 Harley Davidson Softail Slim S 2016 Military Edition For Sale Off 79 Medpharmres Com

########

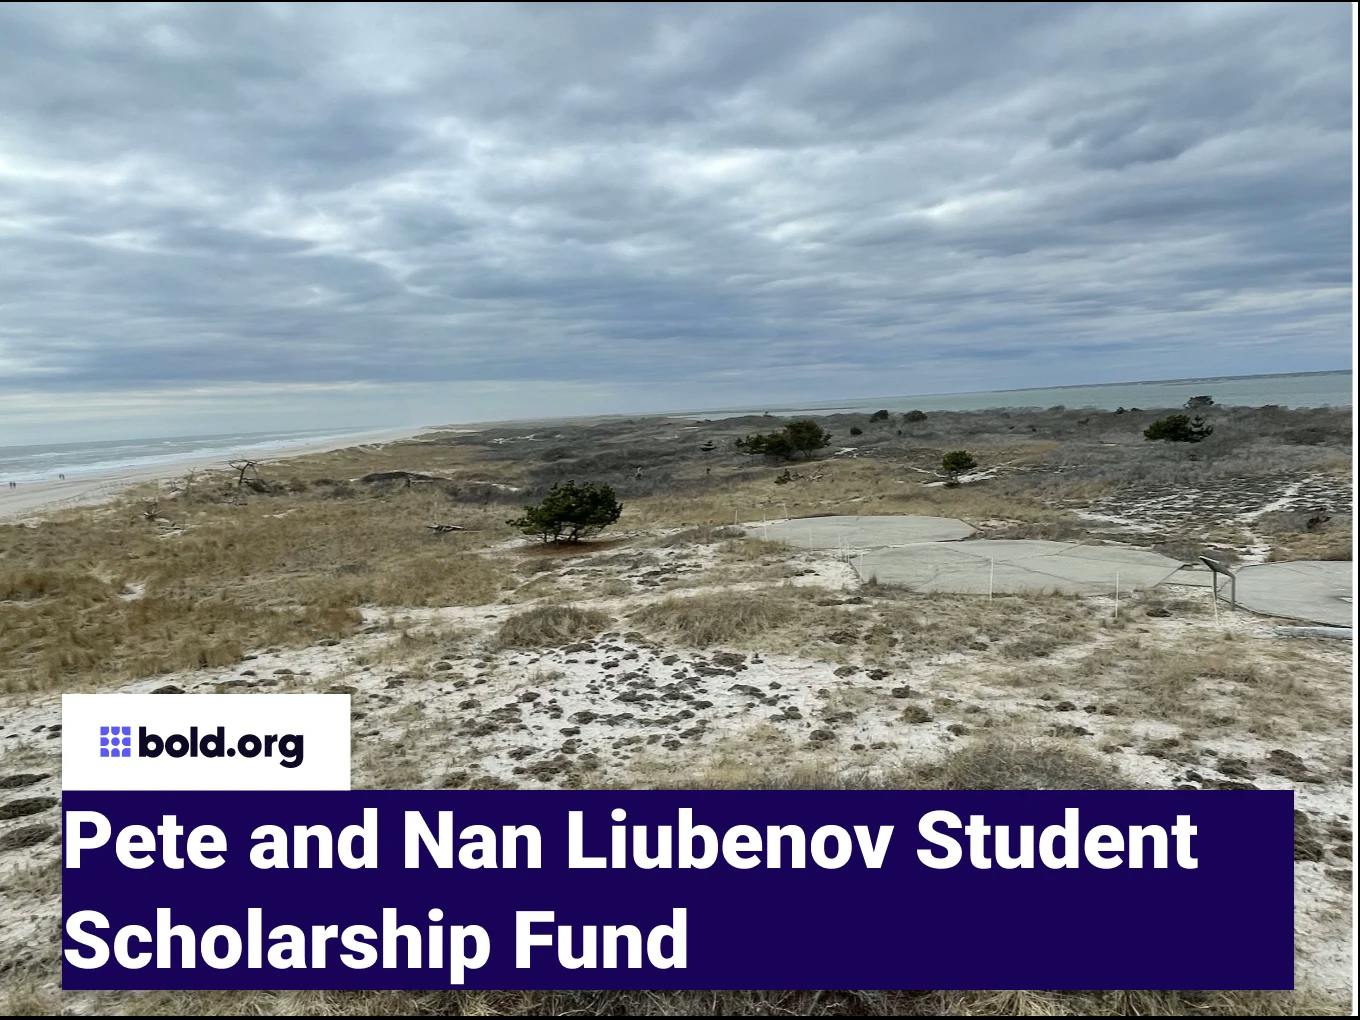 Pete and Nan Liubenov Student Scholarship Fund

########

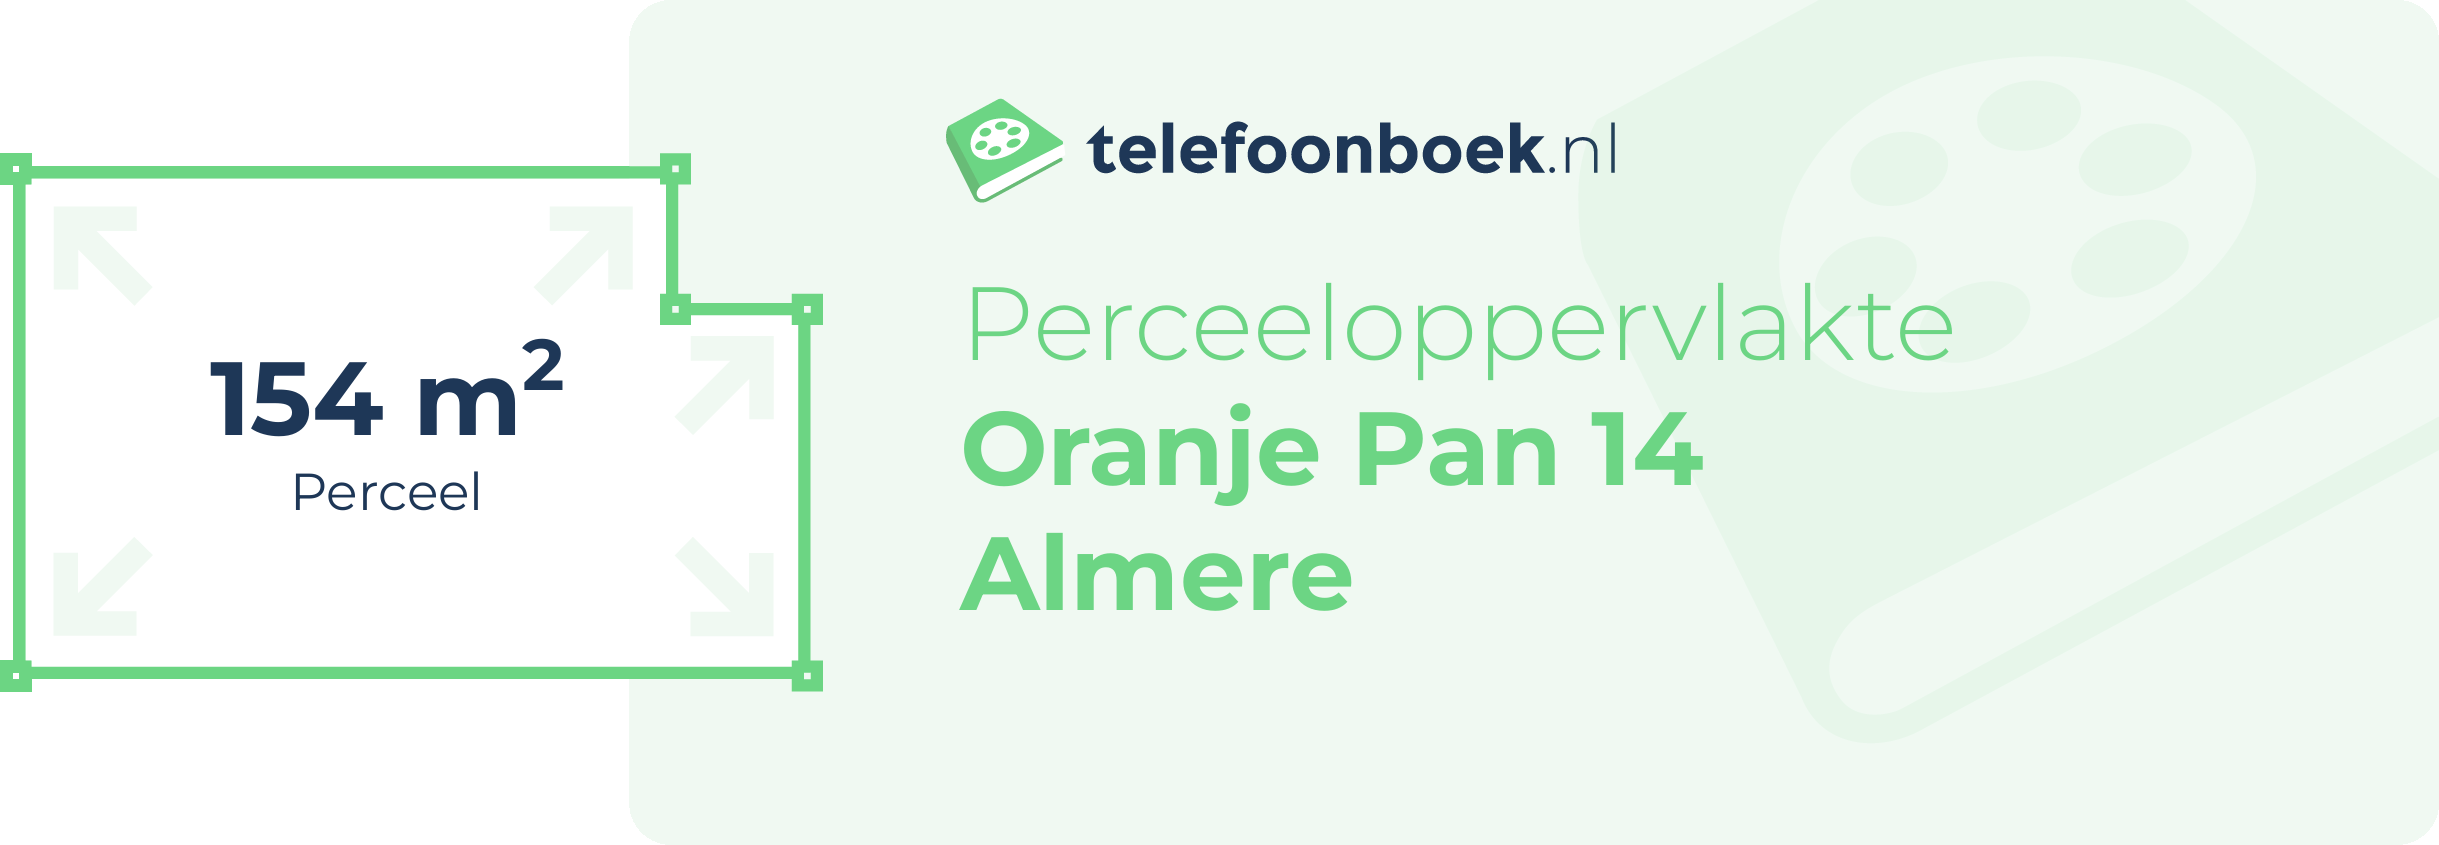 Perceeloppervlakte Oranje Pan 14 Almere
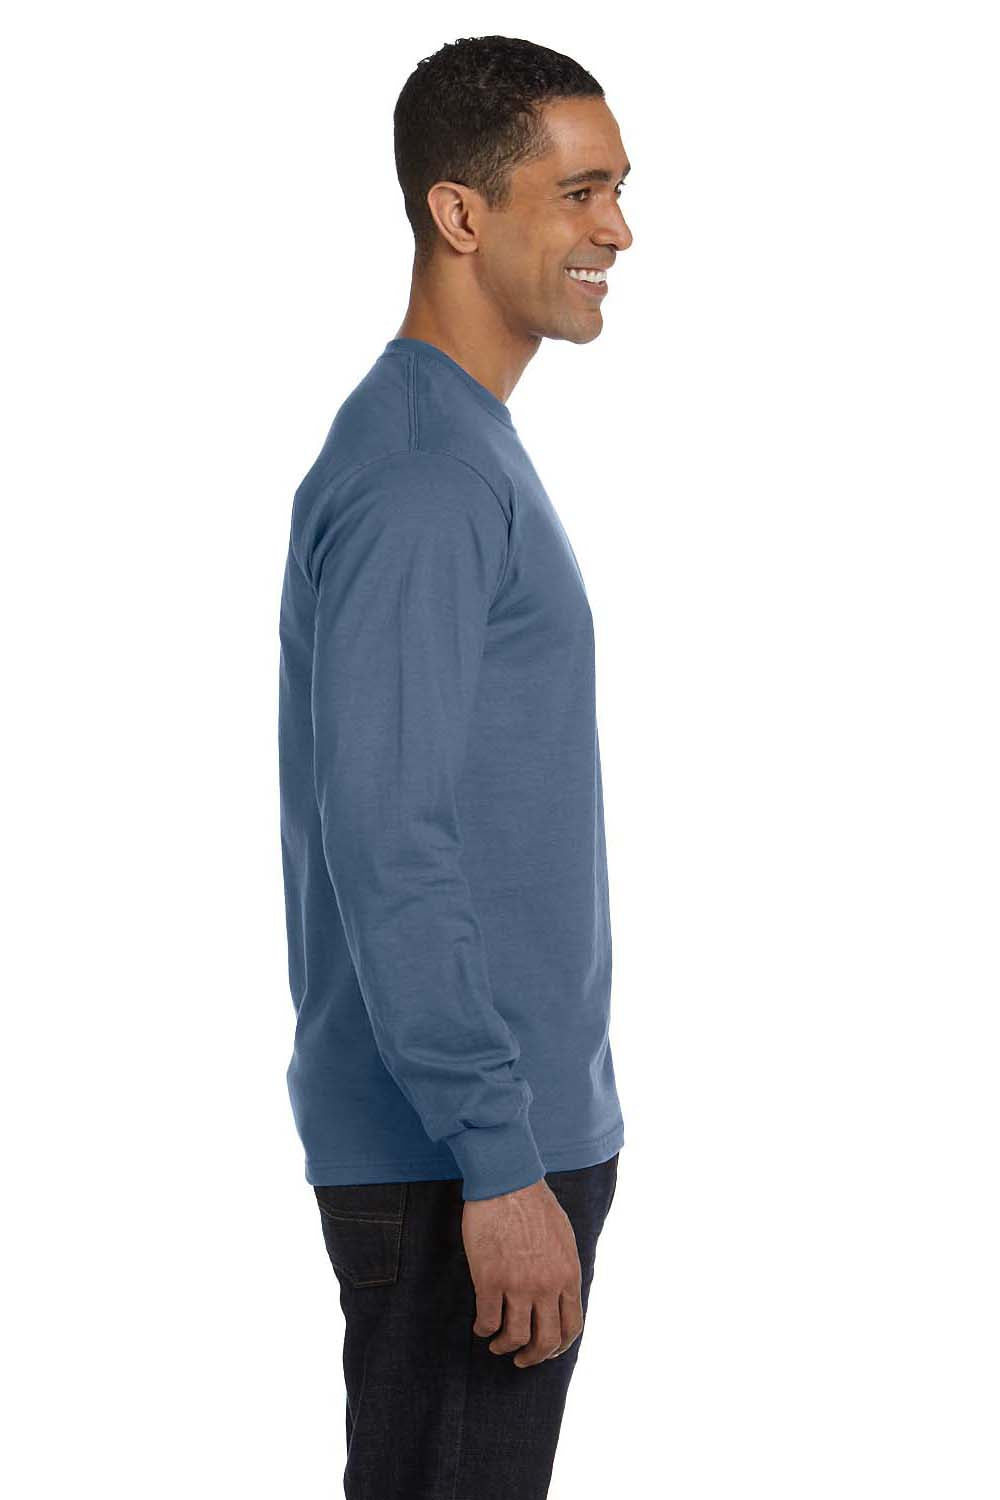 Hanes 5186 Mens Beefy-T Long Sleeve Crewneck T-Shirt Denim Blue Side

########

Everything from the line with "Perceeloppervlakte Oranje Pan 14 Almere" through the line with "Hanes 5186 Mens" in the material above should be transcribed exactly, except the pictures.

 Perceeloppervlakte Oranje Pan 14 Almere
 Hanes 5186 Mens Beefy-T Long Sleeve Crewneck T-Shirt Denim Blue Side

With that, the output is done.